(Problem details)
Print all of the data below exactly as it appears, leaving out every image.

(Given information)
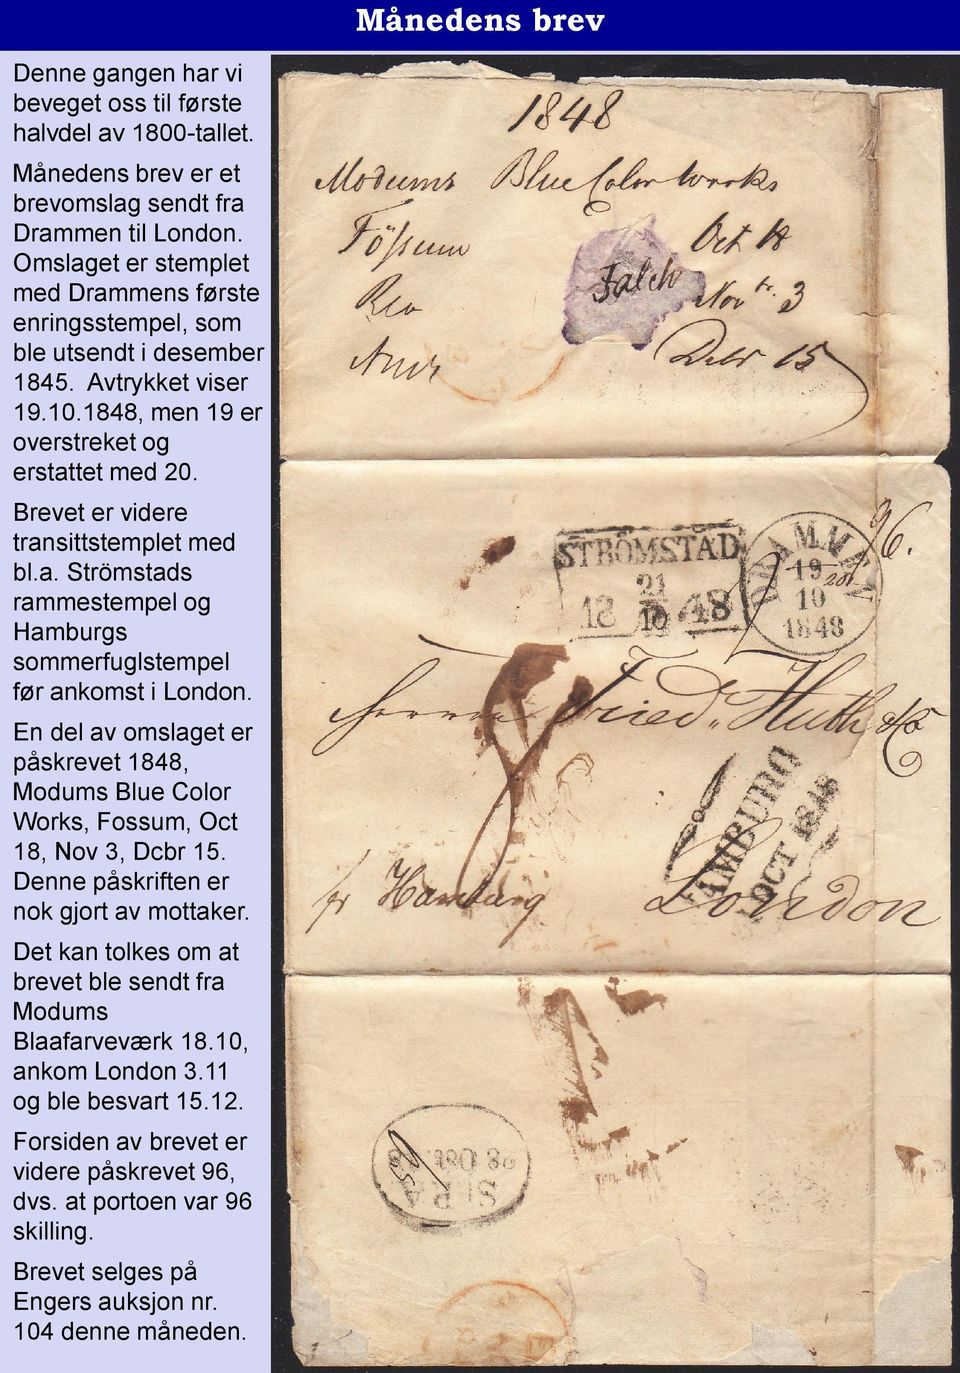 Brevet er videre transittstemplet med bl.a. Strömstads rammestempel og Hamburgs sommerfuglstempel før ankomst i London.
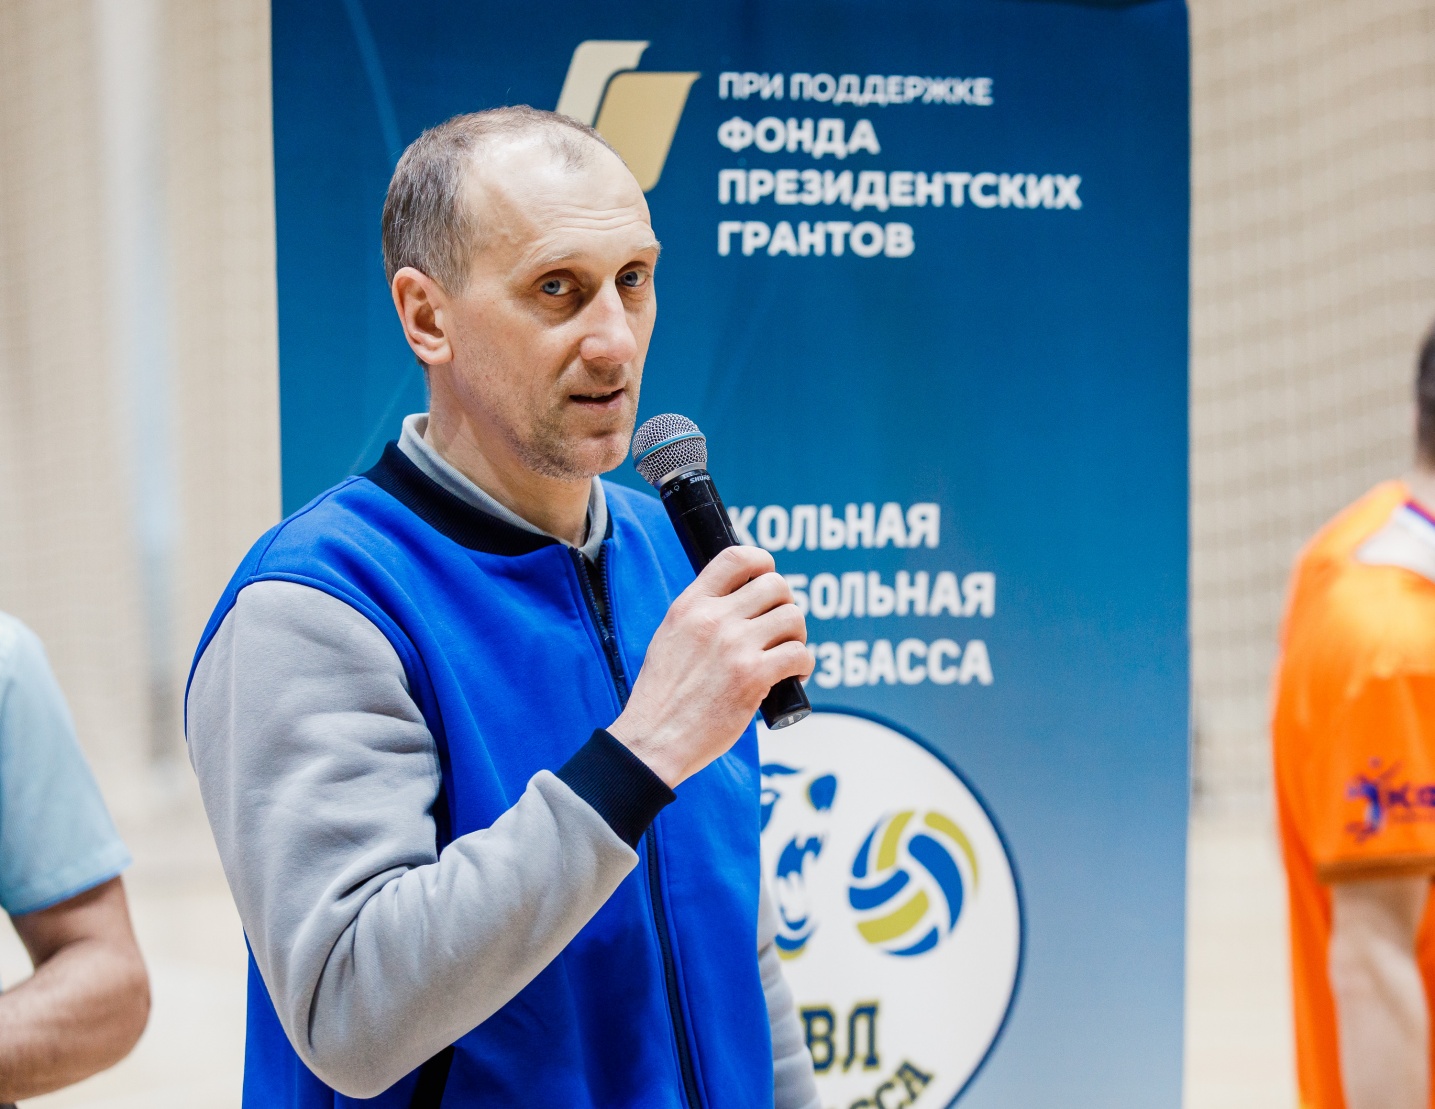 Антон Павлович Латышенко – председатель Федерации волейбола Кемеровской области
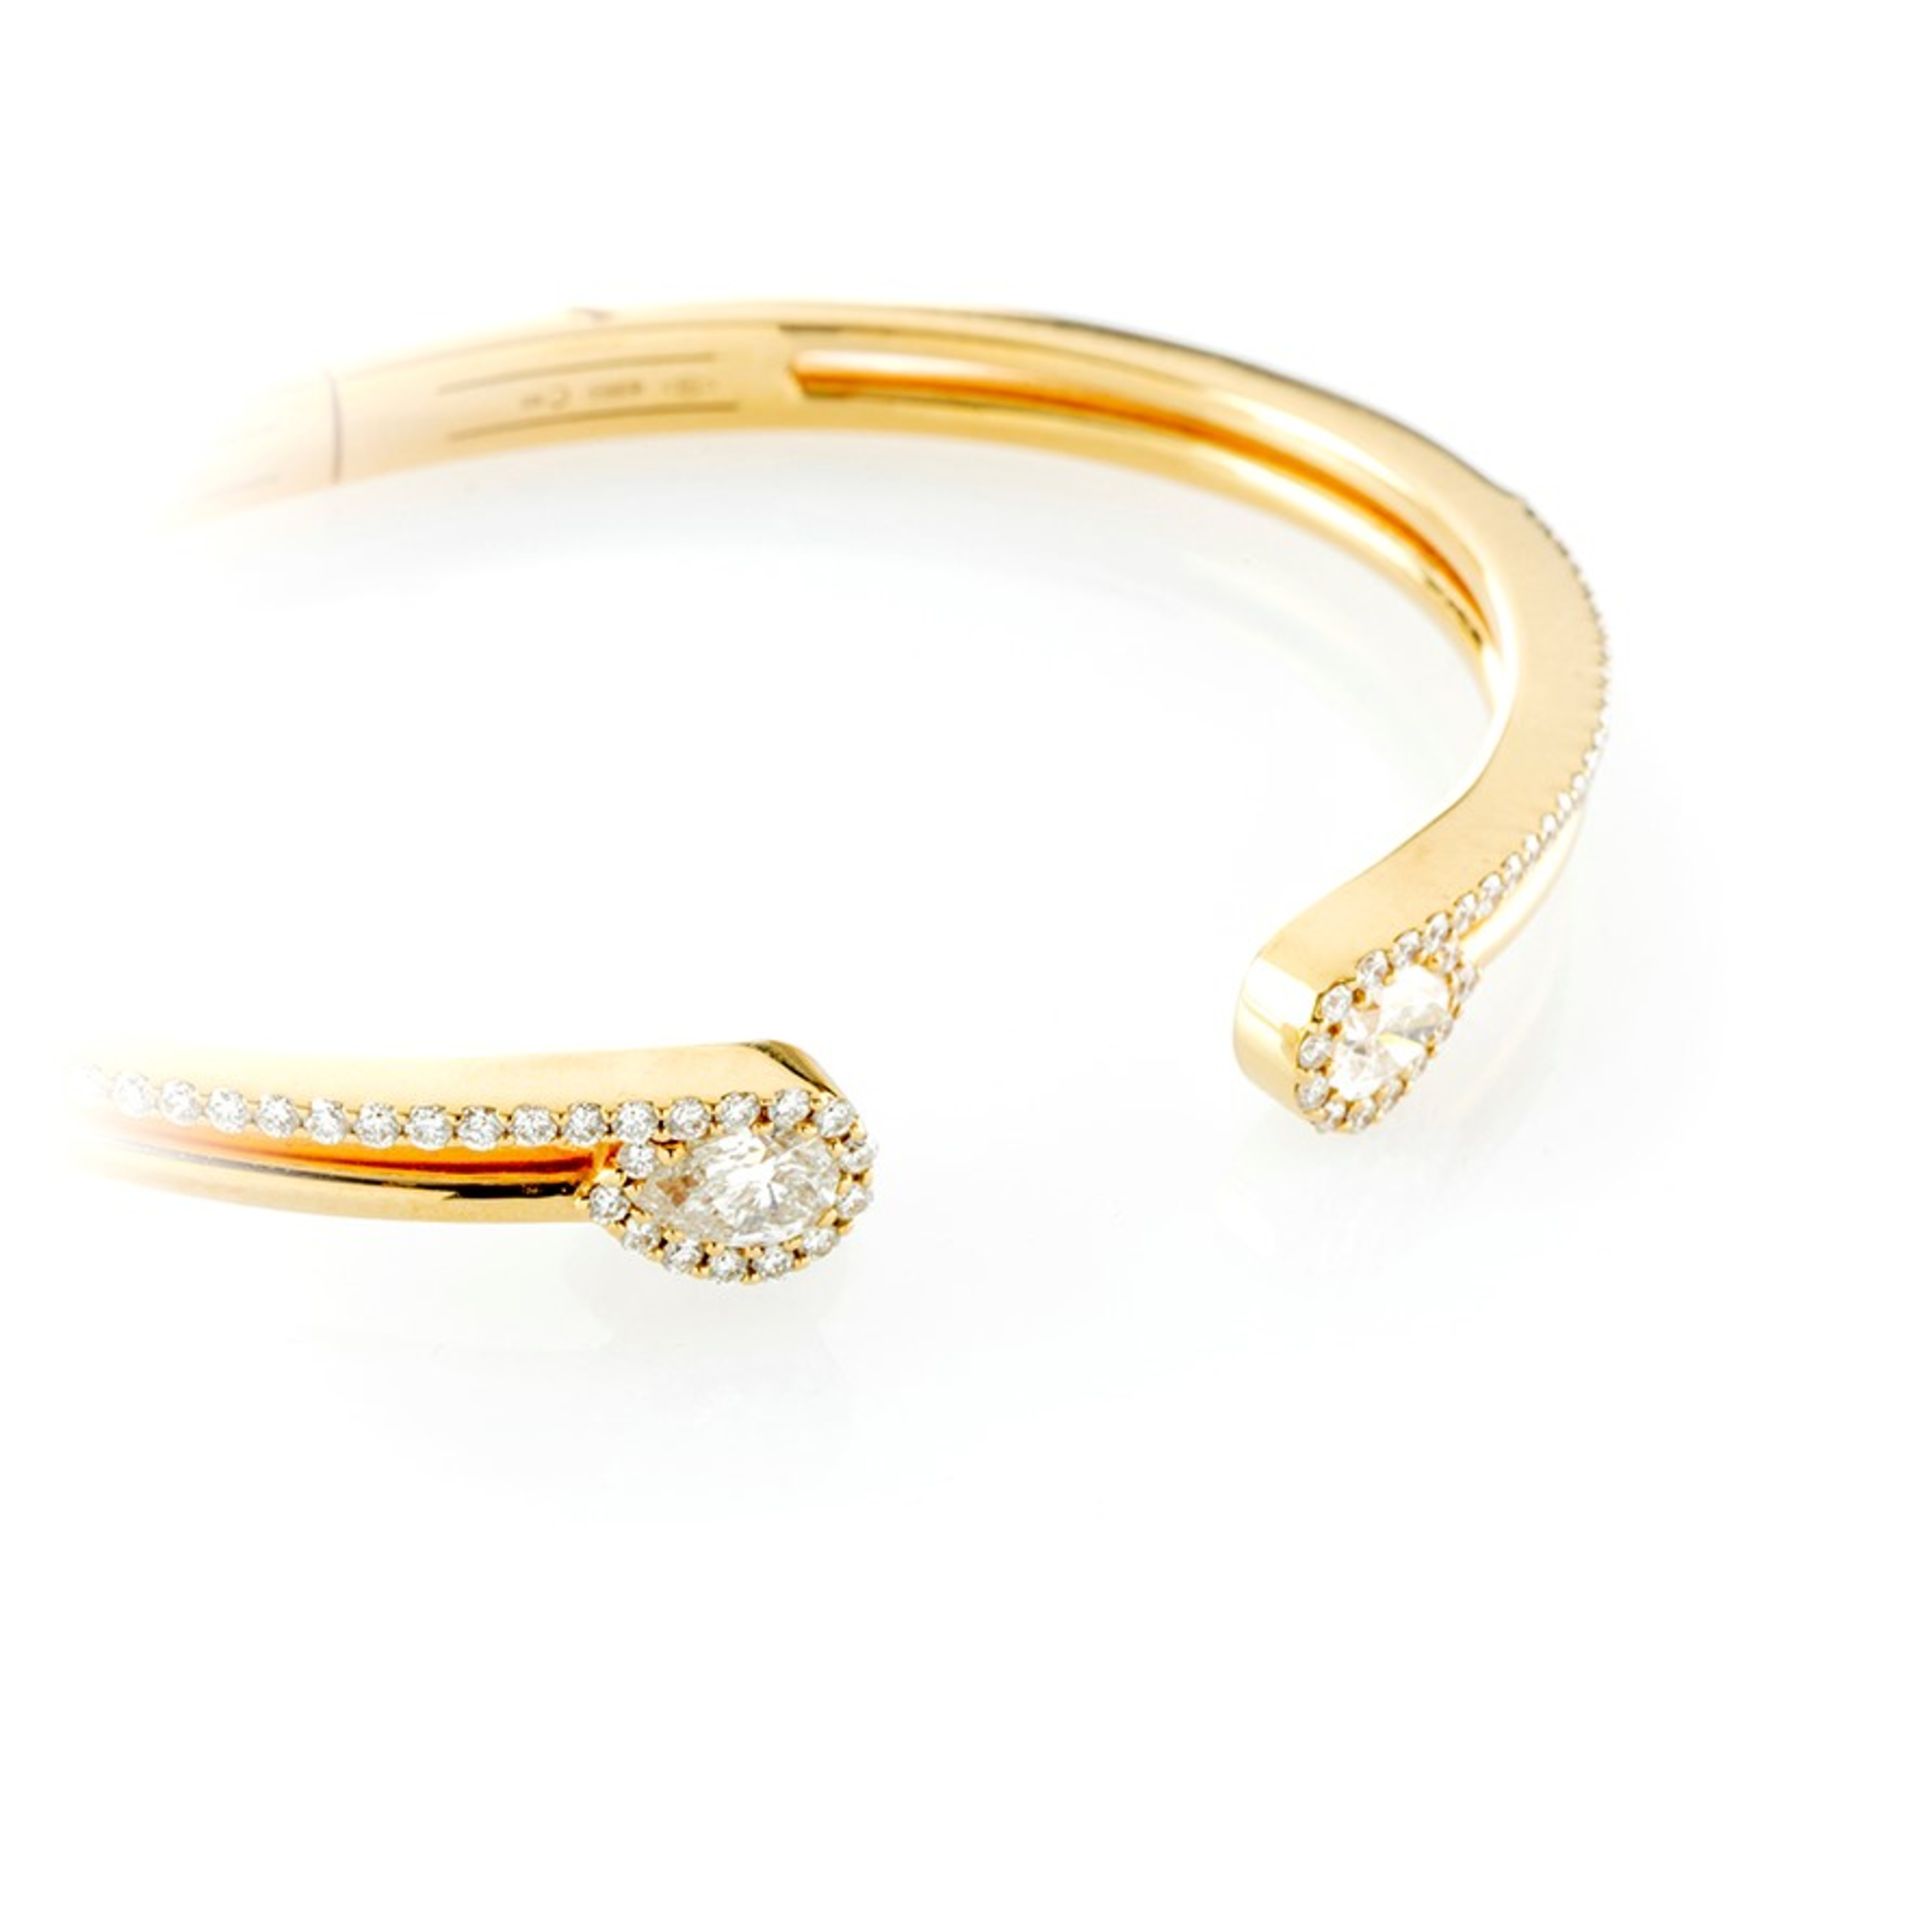 Bracciale rigido in oro giallo impreziosito da diamanti con taglio a brillante e a goccia - Image 2 of 2

(Task response)
 Brevet er videre transittstemplet med bl.a. Strömstads rammestempel og Hamburgs sommerfuglstempel før ankomst i London.
 Антон Павлович Латышенко – председатель Федерации волейбола Кемеровской области
 Bracciale rigido in oro giallo impreziosito da diamanti con taglio a brillante e a goccia - Image 2 of 2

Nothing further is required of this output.